# Work to be completed
This calls for a verbatim copy of all the data, with no images carried over.

# Data below
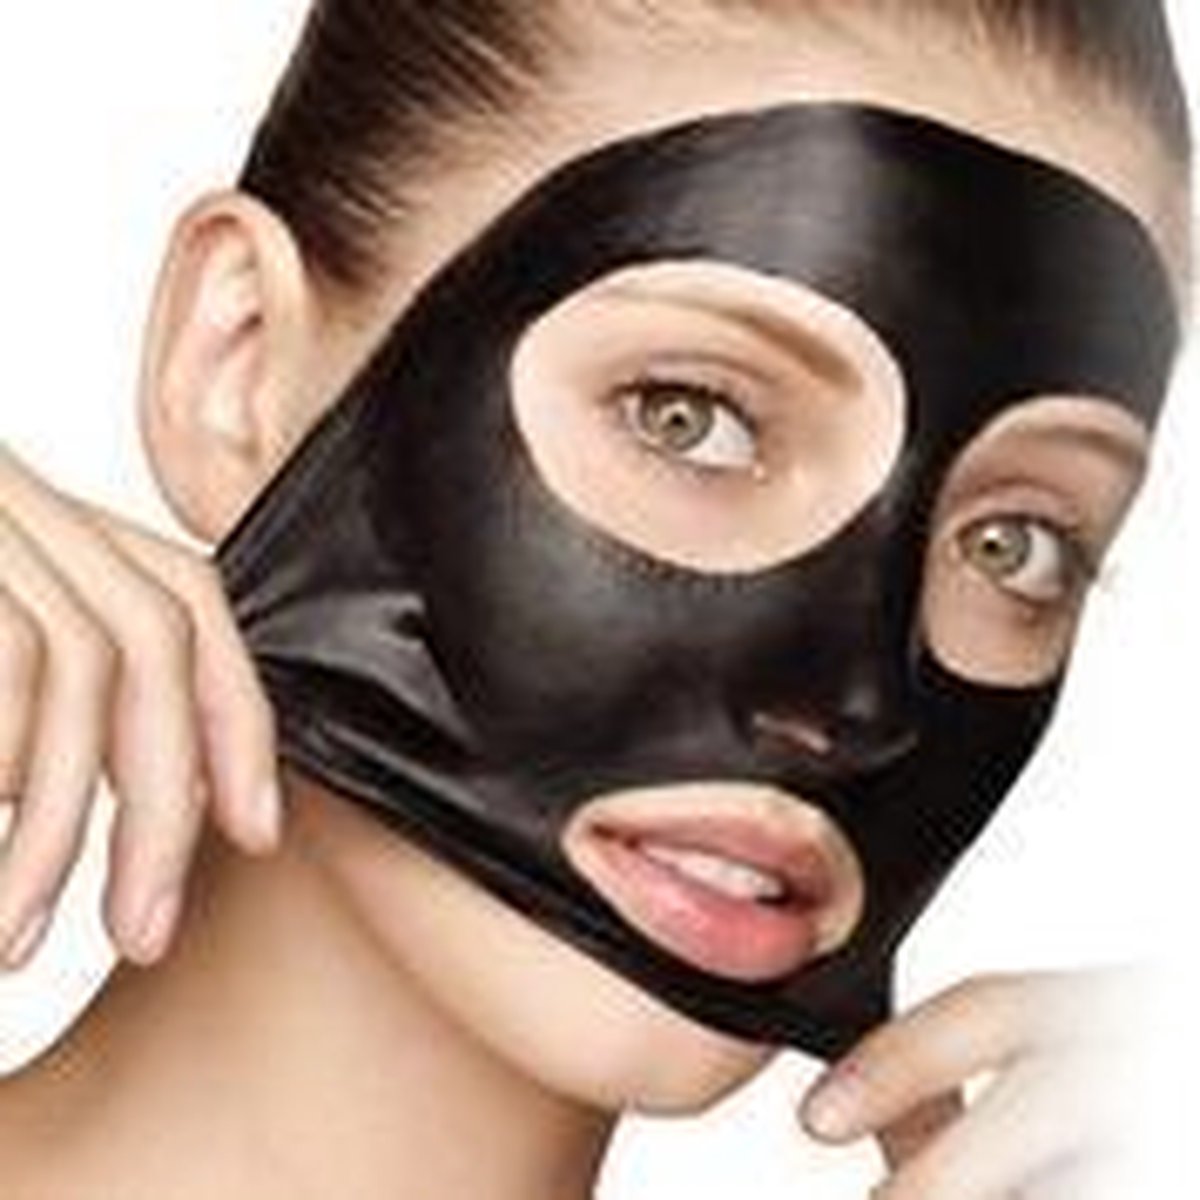 Черная маска видео. Маска Peel off. Маска для лица Black Mask. Маска для лица Peel-off пленка. Charcoal черная маска.
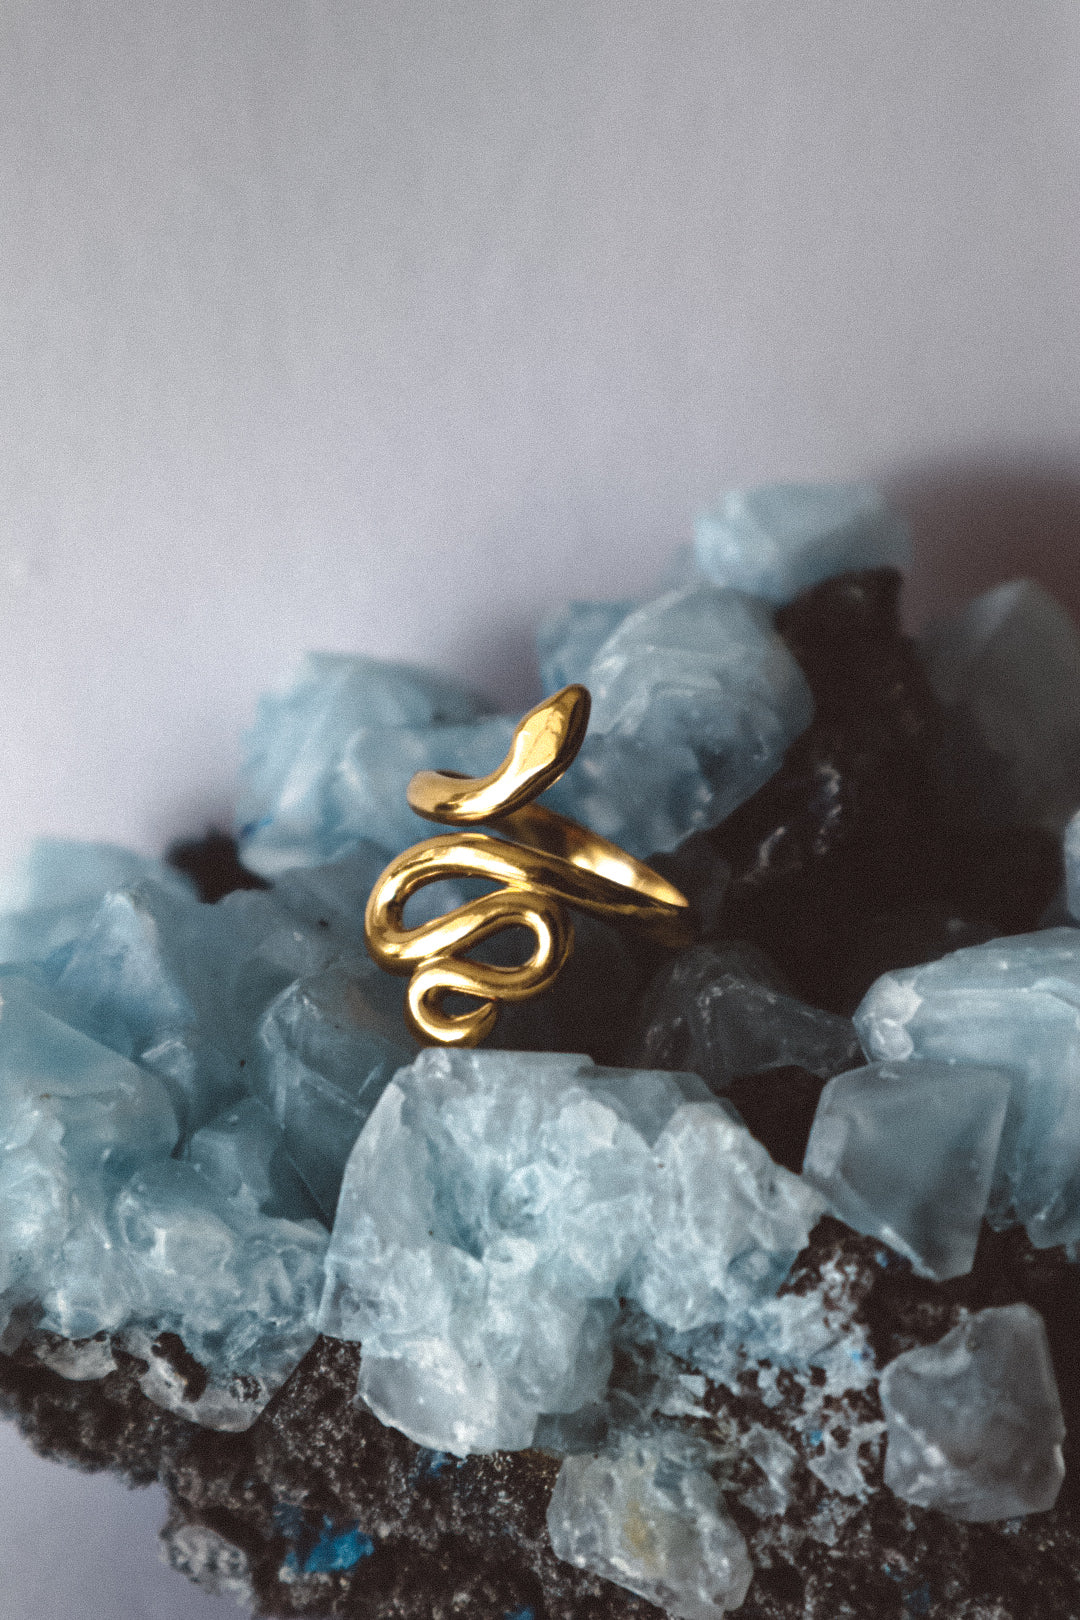 SLITHER Snake Ring Adjustable Gold
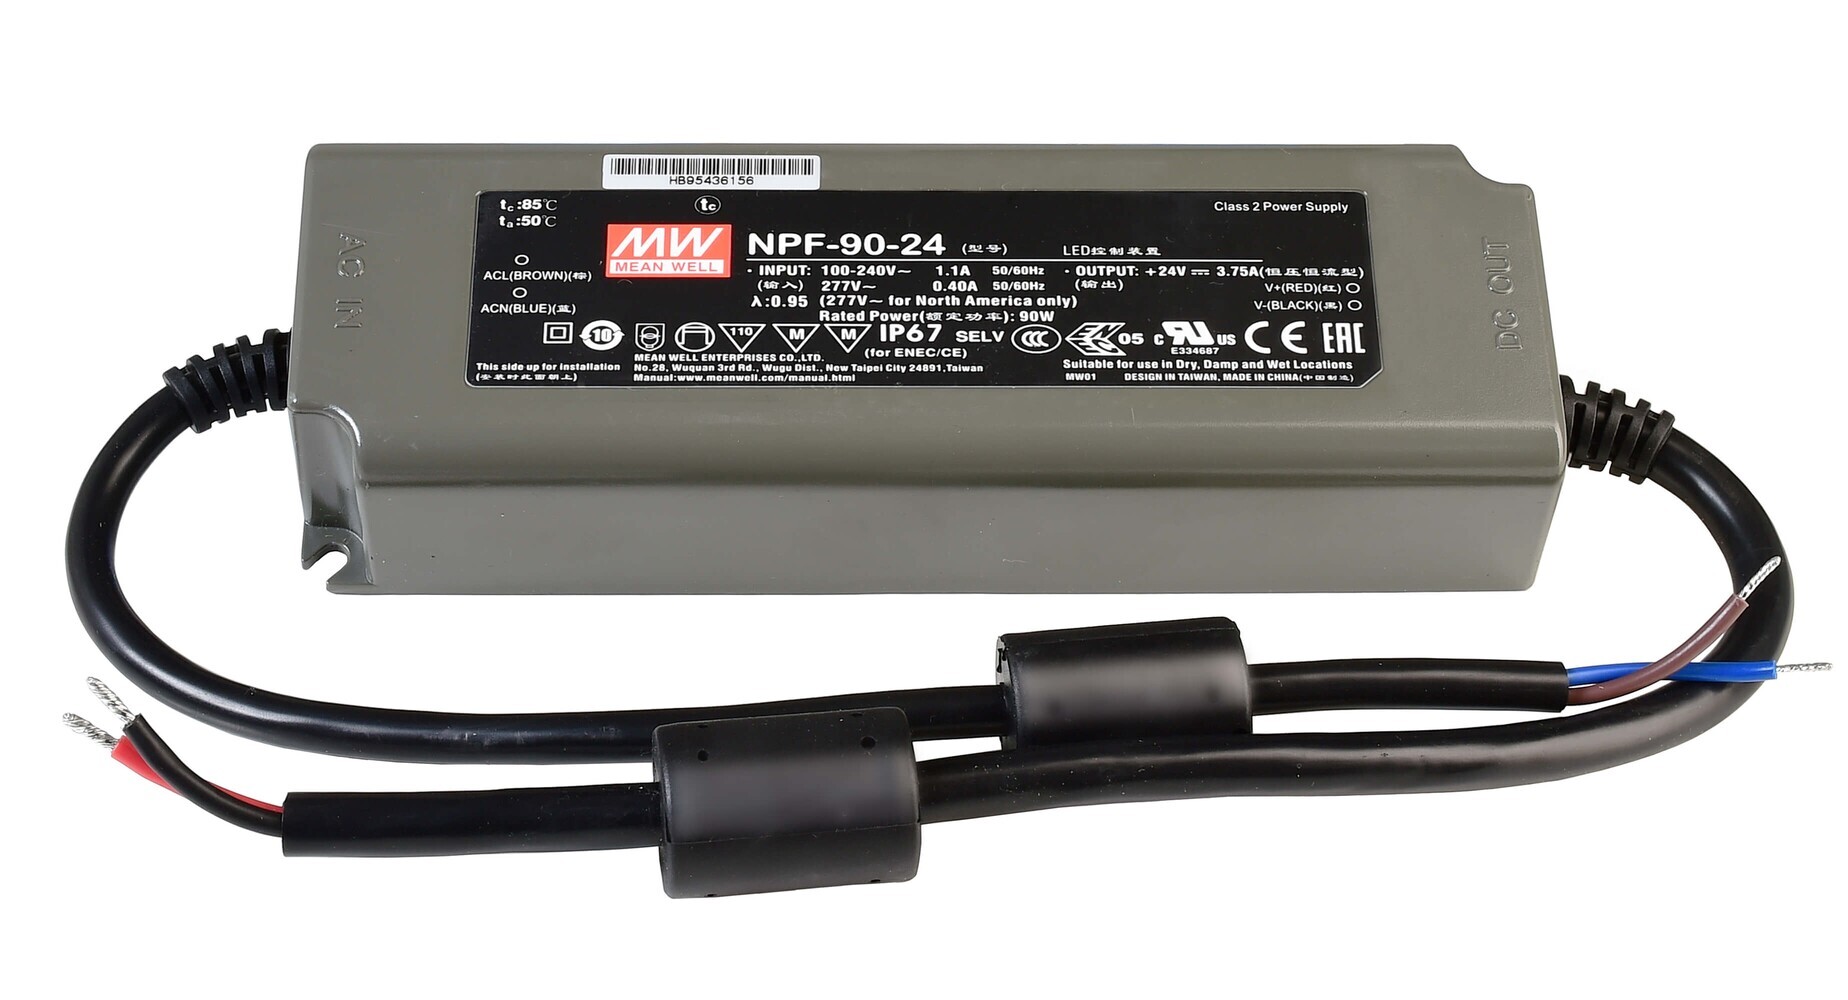 Hochwertiges LED Netzteil von MEANWELL, konstante Spannung, optimal für 404V DC, 3750 mA

# Expected answer
 Черная маска видео. Маска Peel off. Маска для лица Black Mask. Маска для лица Peel-off пленка. Charcoal черная маска.
 SLITHER Snake Ring Adjustable Gold
 Hochwertiges LED Netzteil von MEANWELL, konstante Spannung, optimal für 404V DC, 3750 mA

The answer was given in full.